=== Section Start ===

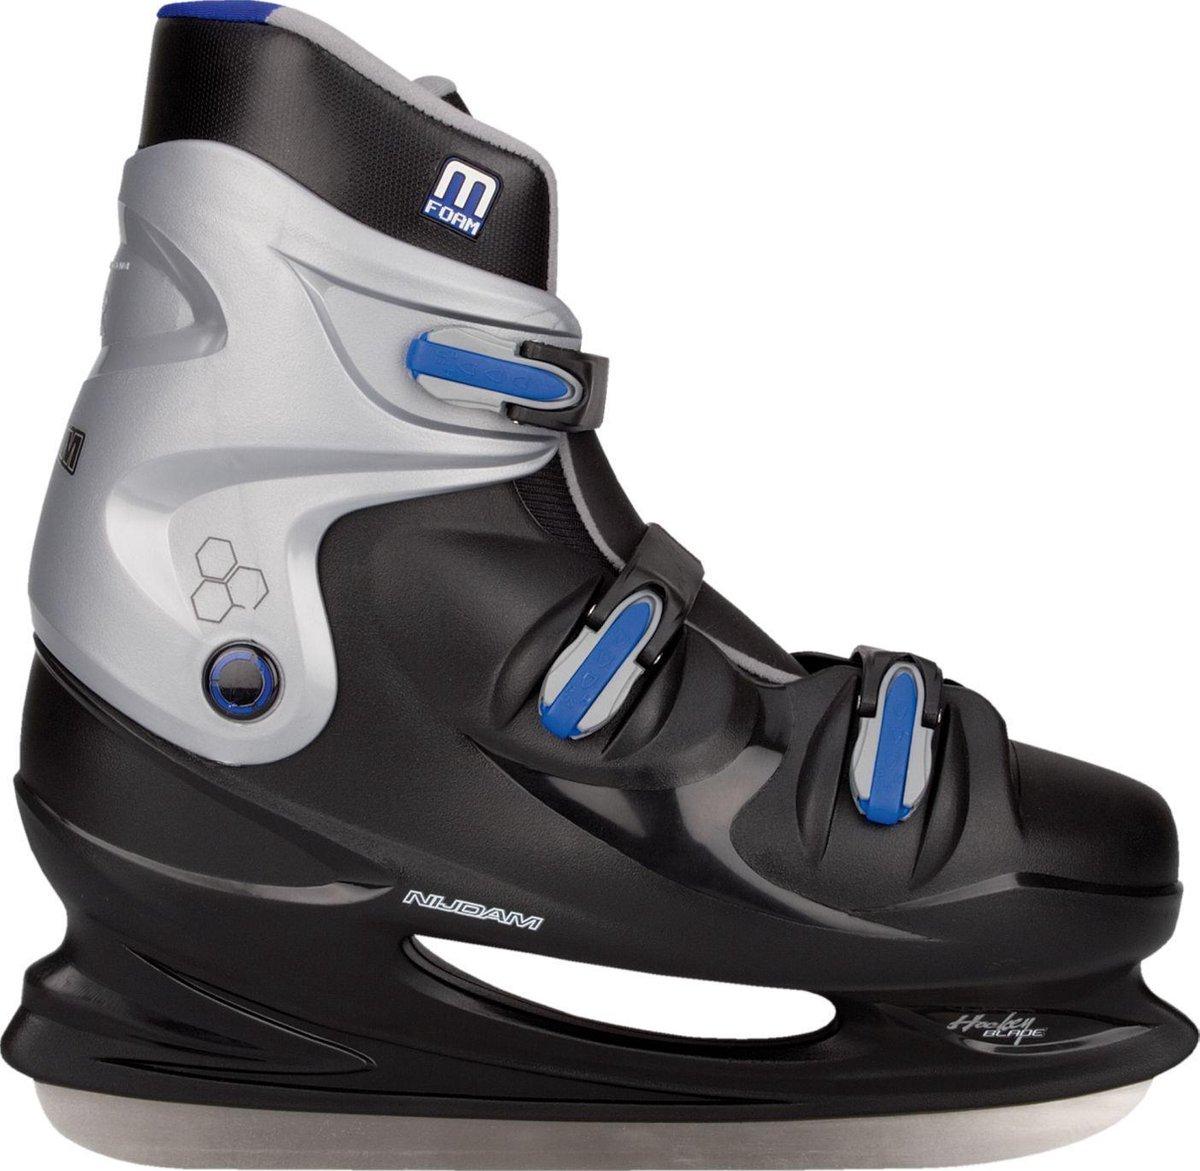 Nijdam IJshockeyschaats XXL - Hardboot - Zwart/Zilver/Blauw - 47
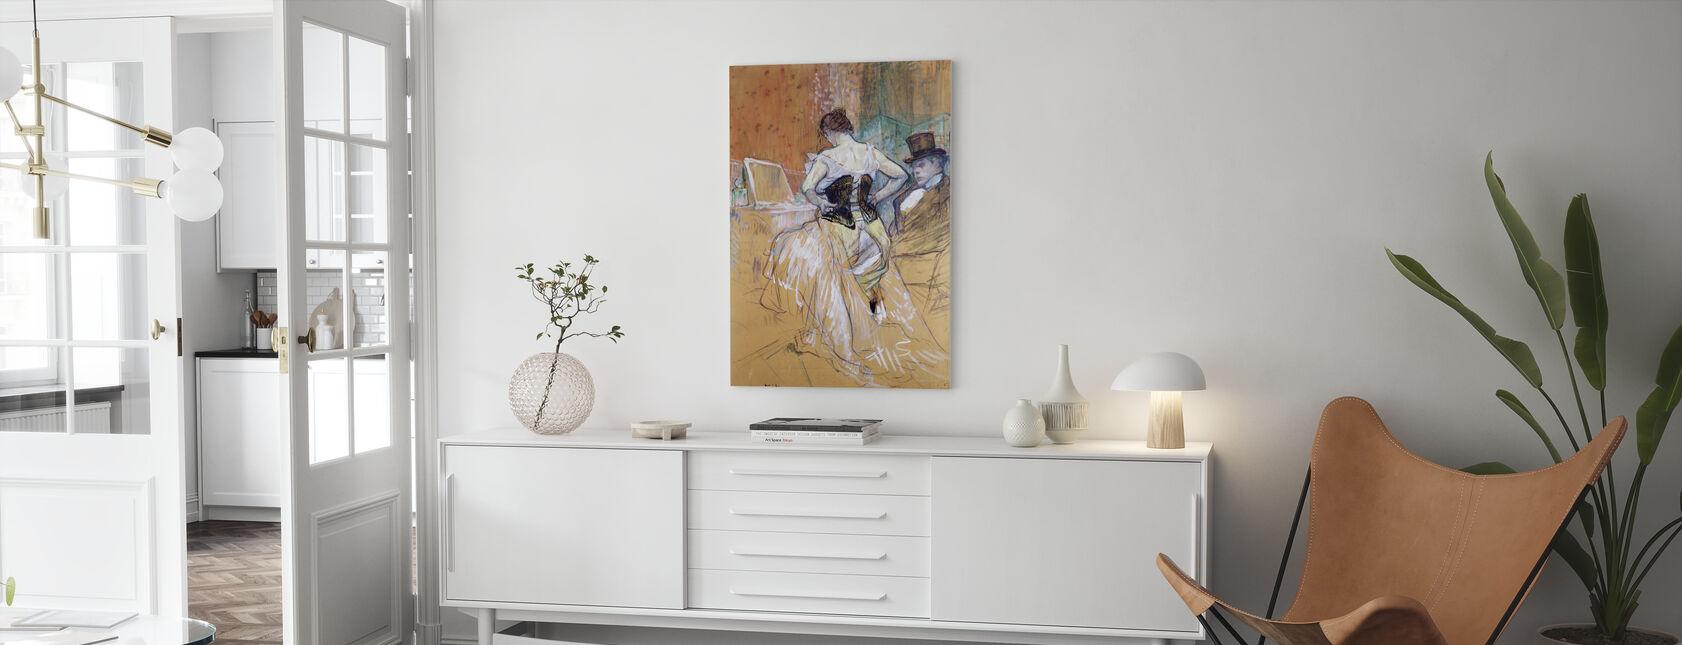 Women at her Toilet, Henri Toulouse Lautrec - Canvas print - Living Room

=== Section End ===
=== Section Start ===

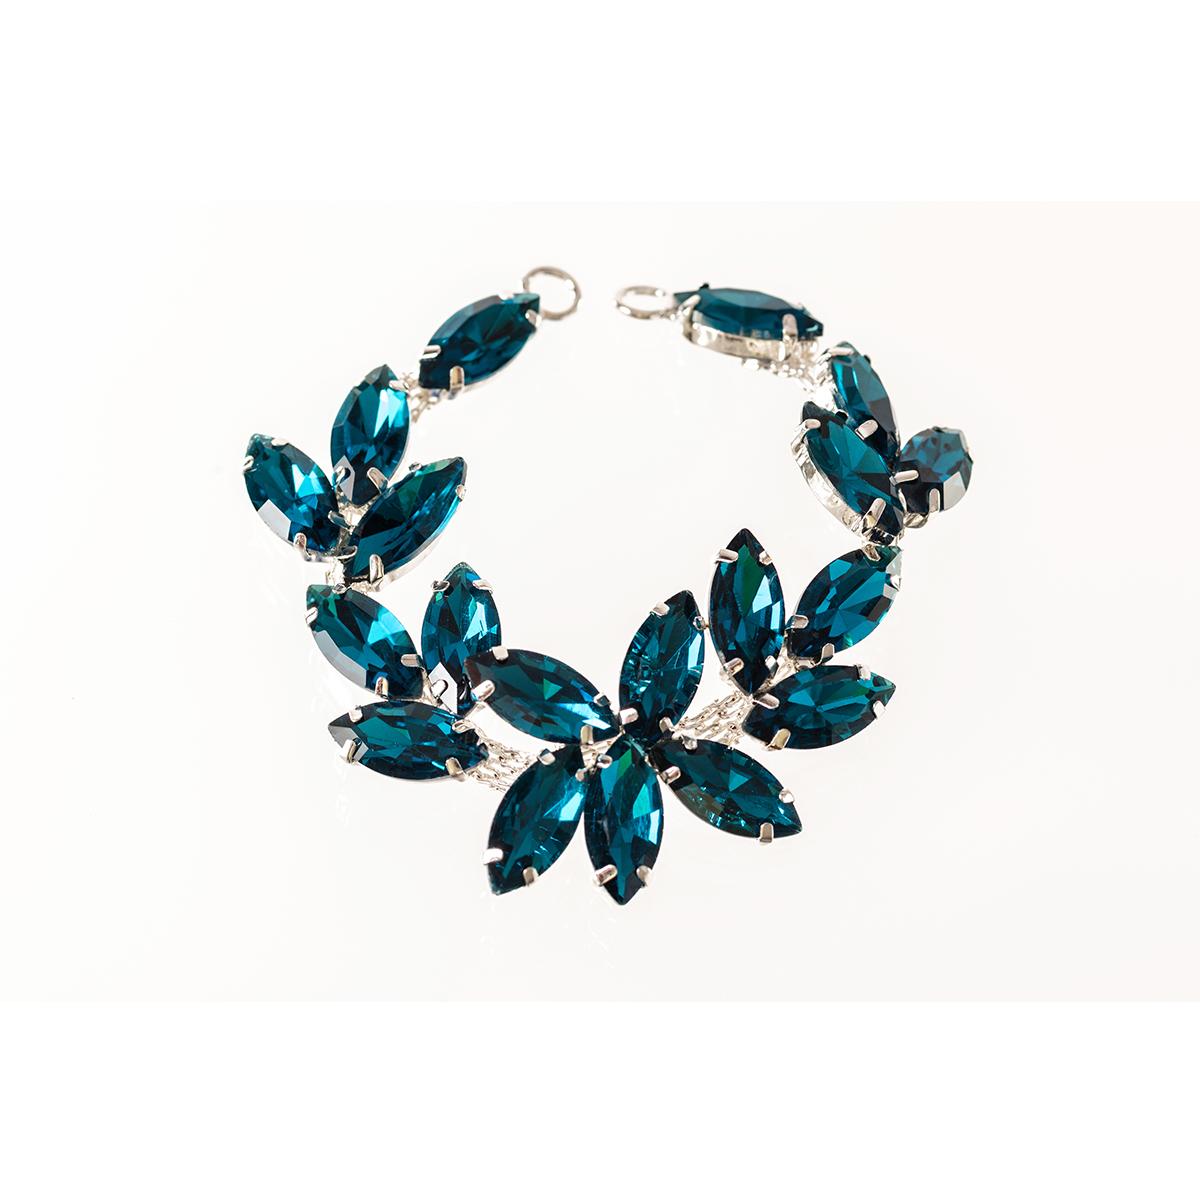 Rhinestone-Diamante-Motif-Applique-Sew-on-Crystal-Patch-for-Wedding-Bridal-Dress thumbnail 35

=== Section End ===

Reproduce the records above exactly, but only from the line with "Nijdam IJshockeyschaats XXL" up to and including the line with "Women at her". Leave the pictures out.

ANSWER TO THE EXERCISE:
 Nijdam IJshockeyschaats XXL - Hardboot - Zwart/Zilver/Blauw - 47
 Women at her Toilet, Henri Toulouse Lautrec - Canvas print - Living Room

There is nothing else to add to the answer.